Not Delphinium and Trompe-l’oiel by Theresa Drapkin

Theresa's surroundings play a crucial role in shaping her work as well. "The plants that were in my paintings when I lived in the Hudson Valley were a lot different than they are now," she notes. During her time in the Hudson Valley, her work showcased seasonal flora such as forsythia and Queen Anne's lace. "Now they lean toward palms and fig leaves and citrus," she says of her current home in Palm Beach, Florida. Her latest collection incorporates influences from her current home and the seaside shores of Provincetown. Highlighting a favorite piece from the show, "Mudroom," Theresa reflects, "It just reminds me of summer, like coming in off the beach or going to the market in the morning. A mud room is just so classic."

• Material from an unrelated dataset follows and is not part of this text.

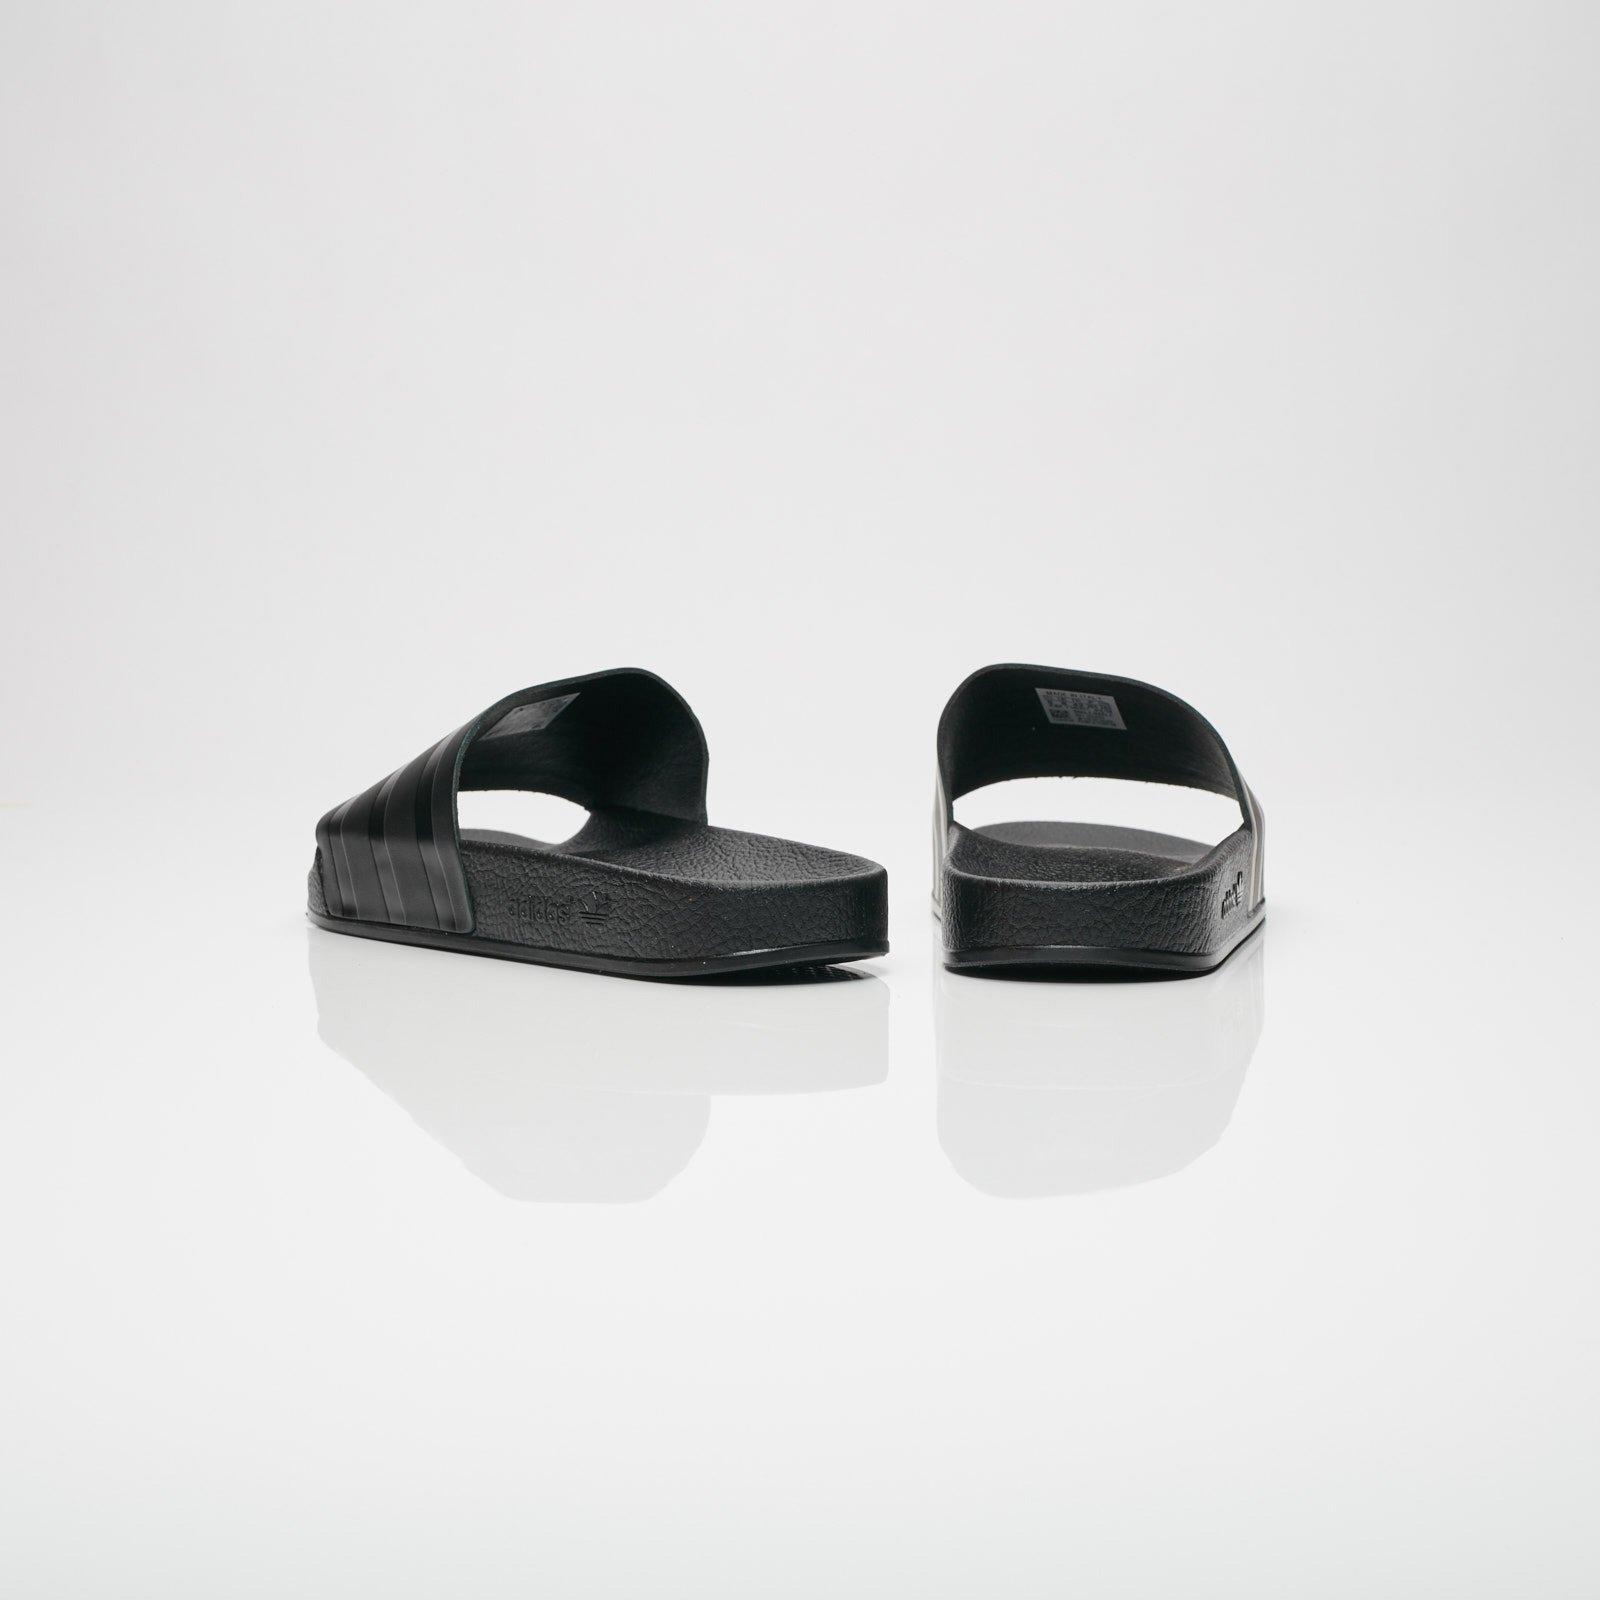 9da44c3c2f74 adidas Adilette - Cq3094 - Sneakersnstuff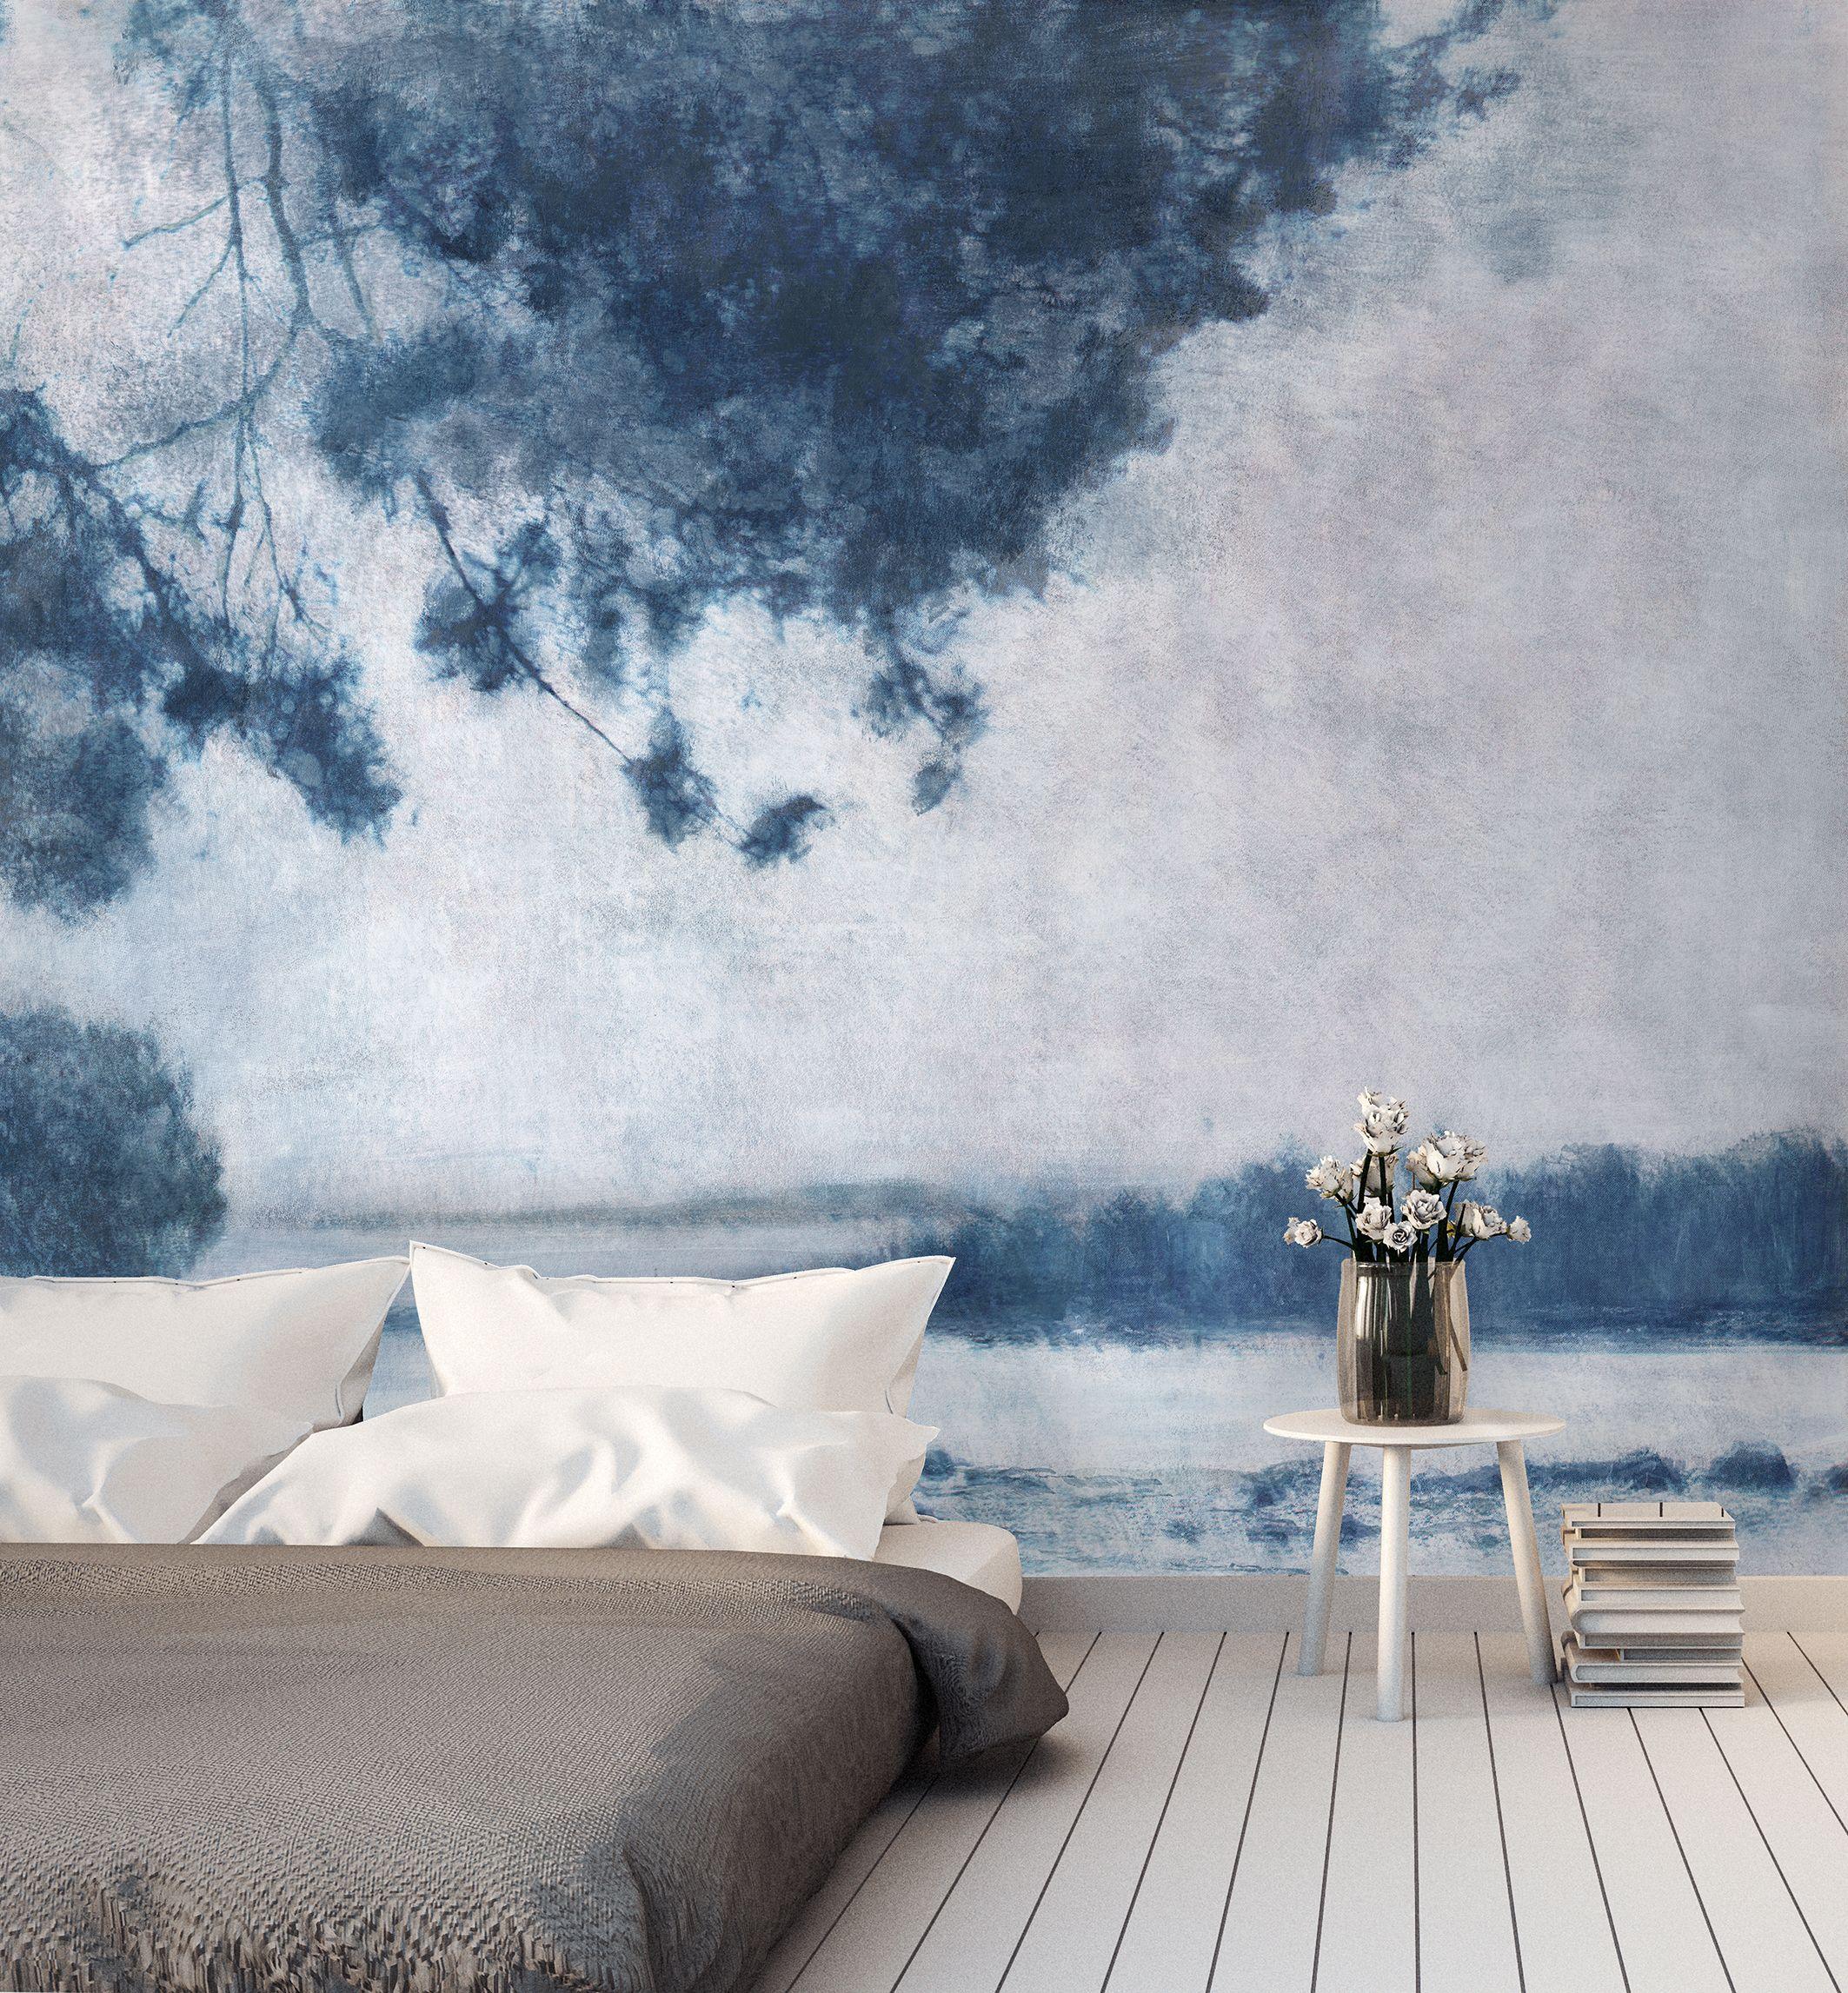 legend royal wallpaper tenue de ville collection ode tenue de ville in 2019 pinterest. Black Bedroom Furniture Sets. Home Design Ideas

No matter where life takes her, Theresa's goal is to encapsulate beauty. "I've always been attracted to beautiful things," she admits. "Whether it's the way the light touches the floor, a certain gesture that somebody gives, movie stills...those are all of the things that I love and I want to capture. It's really just taking something I find beautiful and making it a still." Her artwork, then, becomes a way of preserving those fleeting moments, of transforming the transient into the timeless.